--- Directions for this task ---
Leaving out pictures, output exactly the lines below from the one that has "200x120x150 cm Bild 1" through the one that has "Budget- och verksamhetsansvarig", and nothing else.

--- Data ---
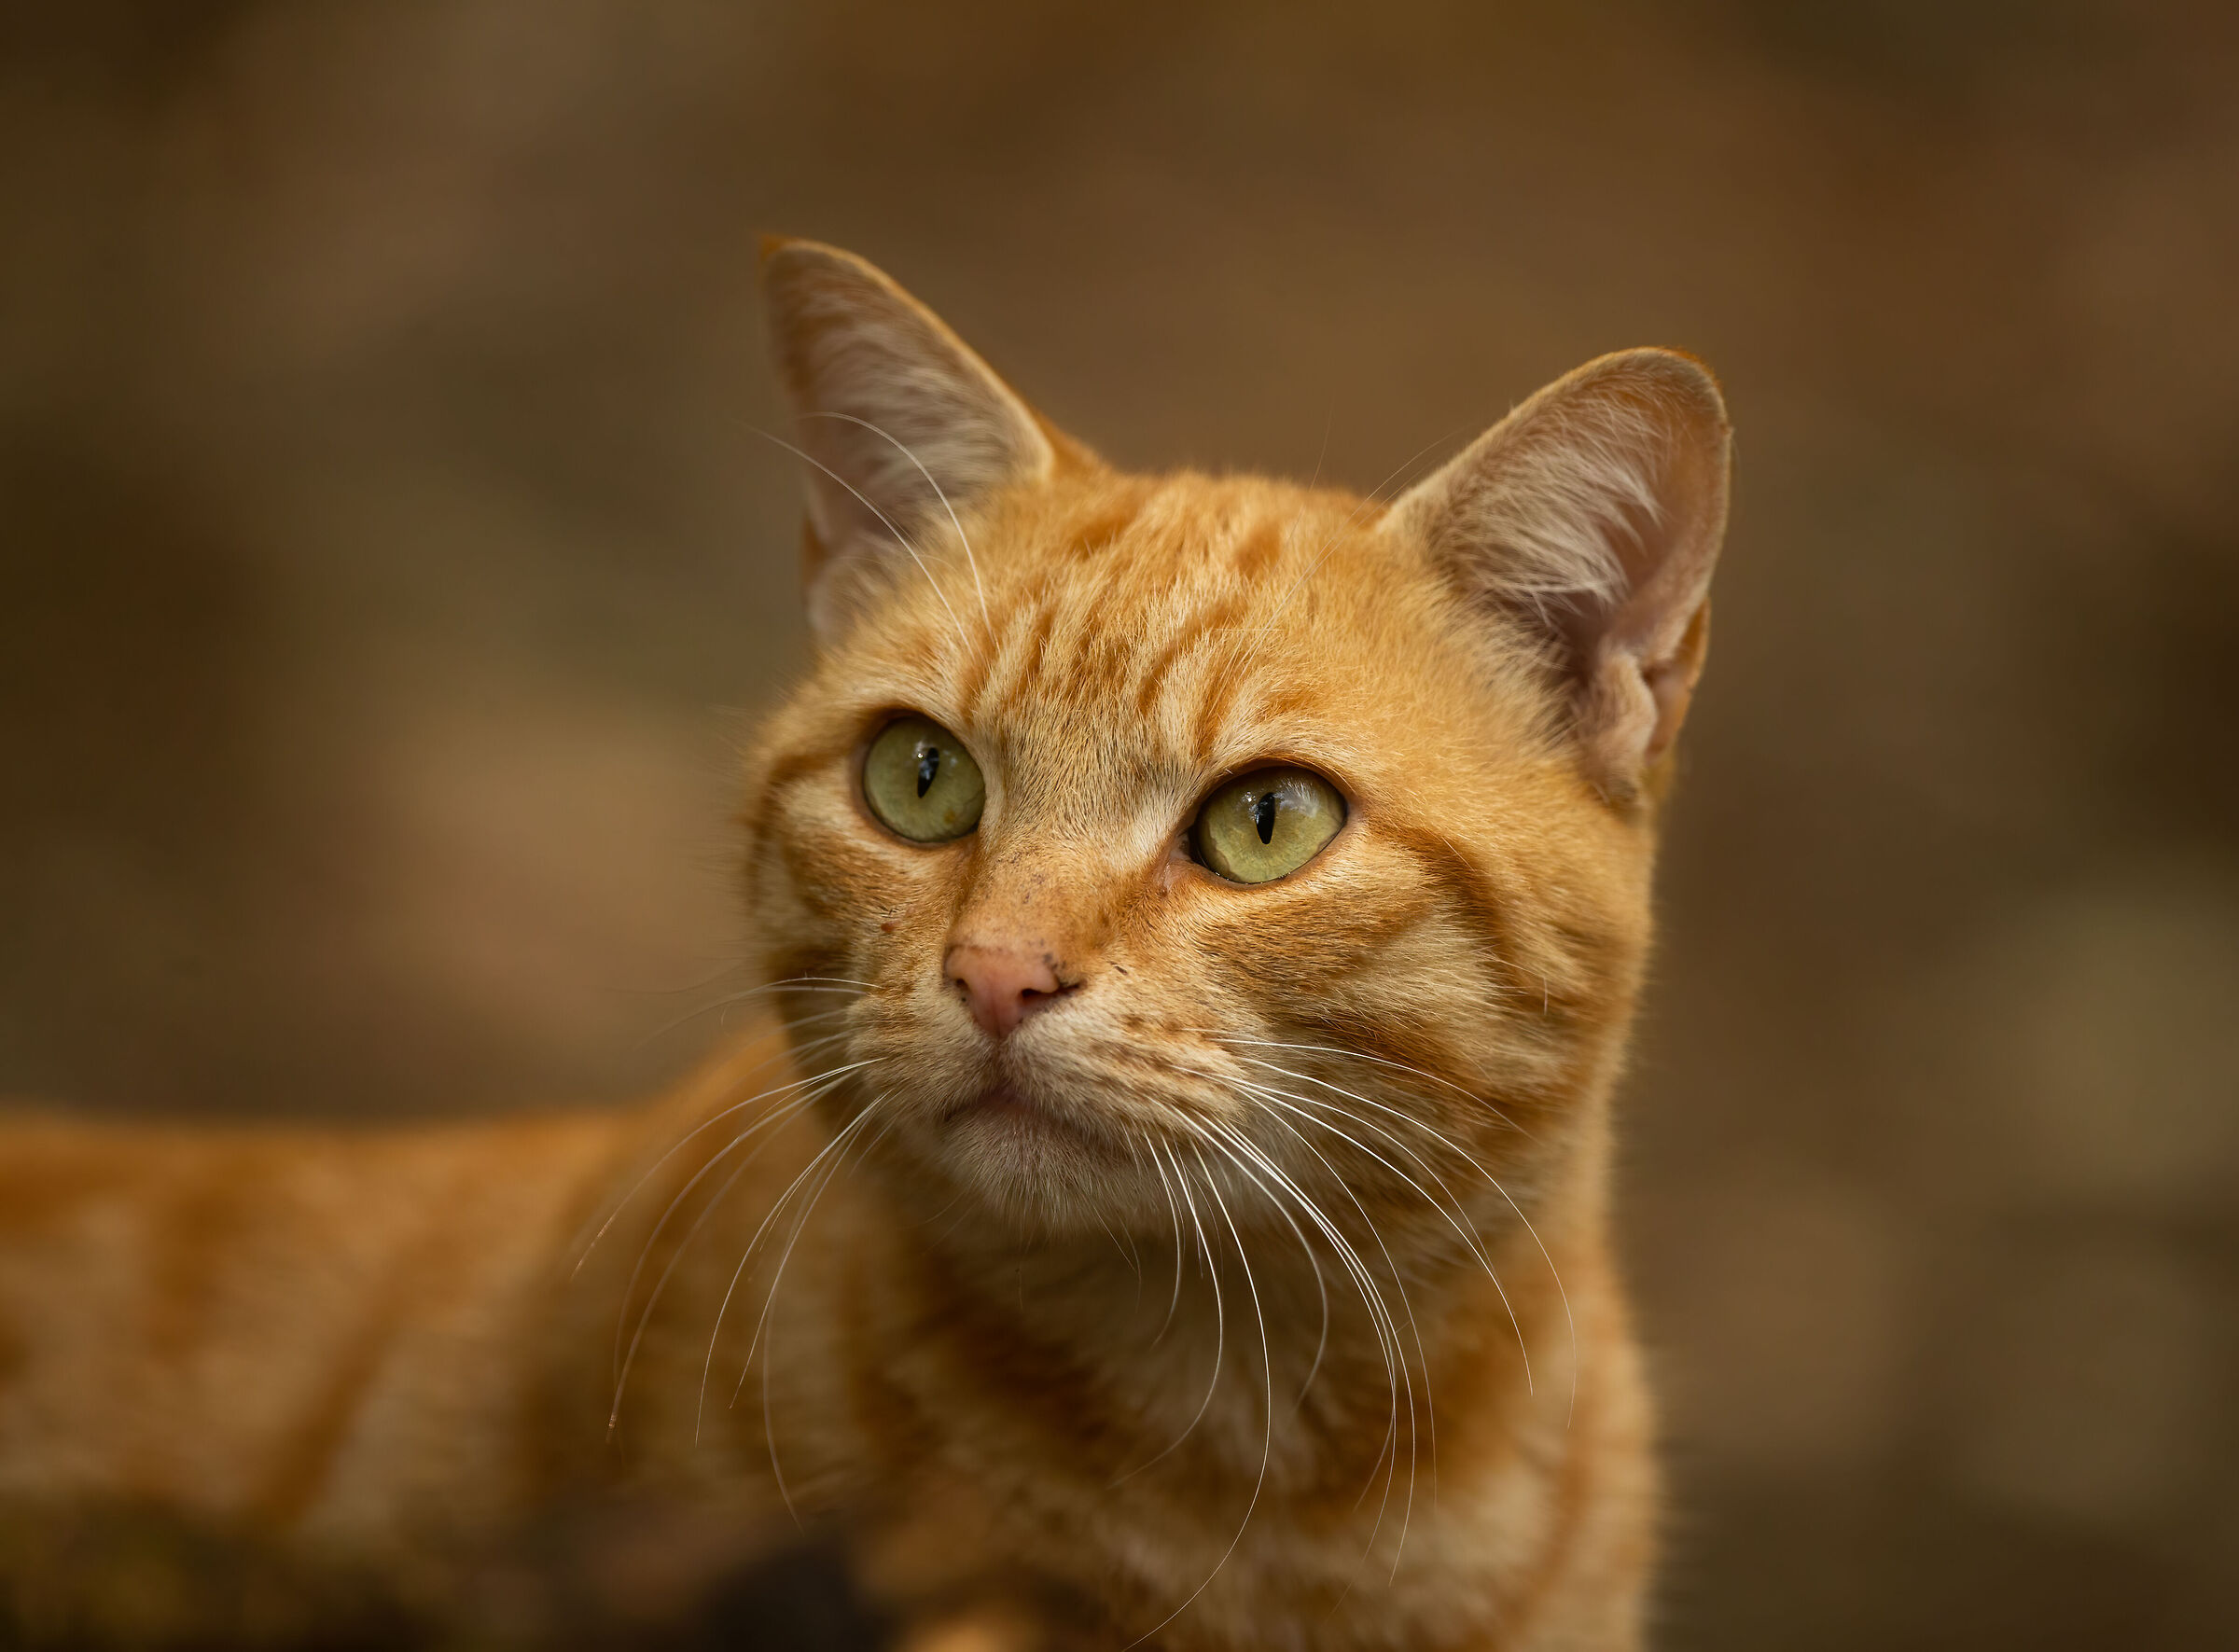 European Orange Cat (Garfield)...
* * *
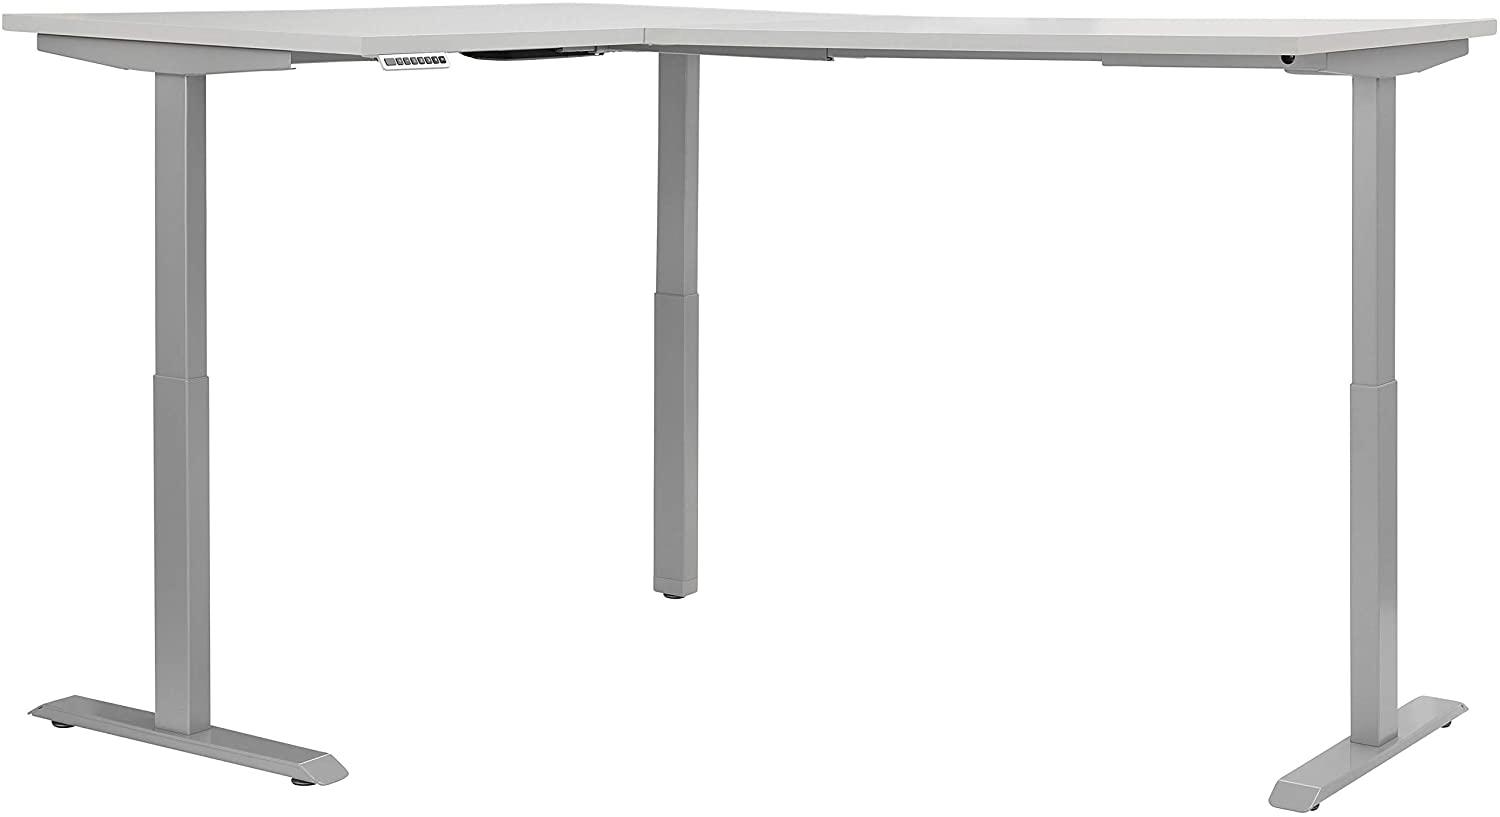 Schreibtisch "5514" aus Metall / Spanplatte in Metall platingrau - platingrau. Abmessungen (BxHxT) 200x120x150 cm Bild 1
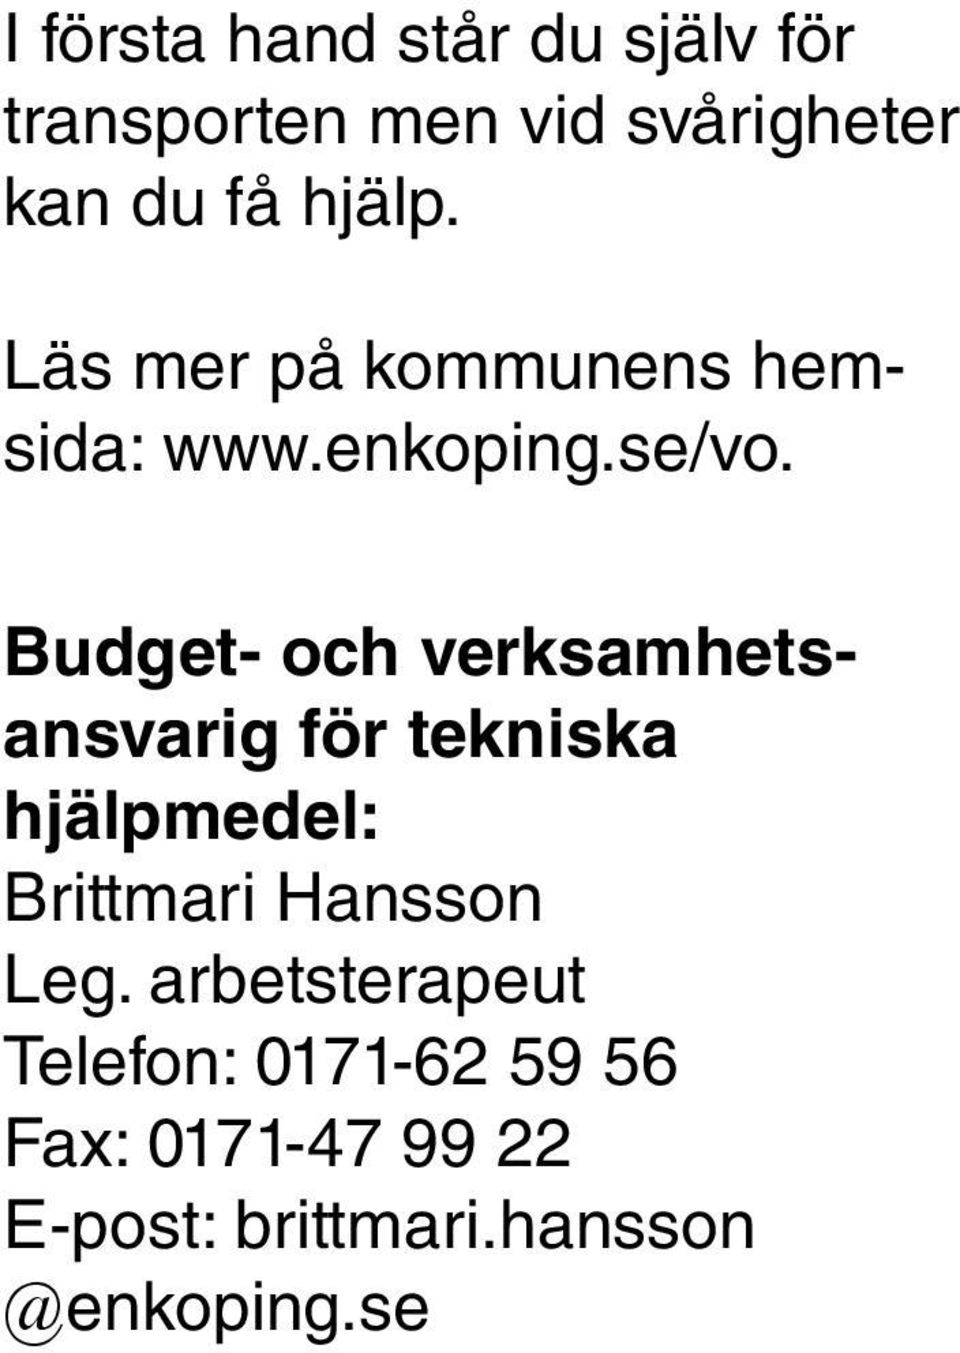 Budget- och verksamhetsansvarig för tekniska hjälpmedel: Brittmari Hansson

--- Answer box ---
 Schreibtisch "5514" aus Metall / Spanplatte in Metall platingrau - platingrau. Abmessungen (BxHxT) 200x120x150 cm Bild 1
 Budget- och verksamhetsansvarig för tekniska hjälpmedel: Brittmari Hansson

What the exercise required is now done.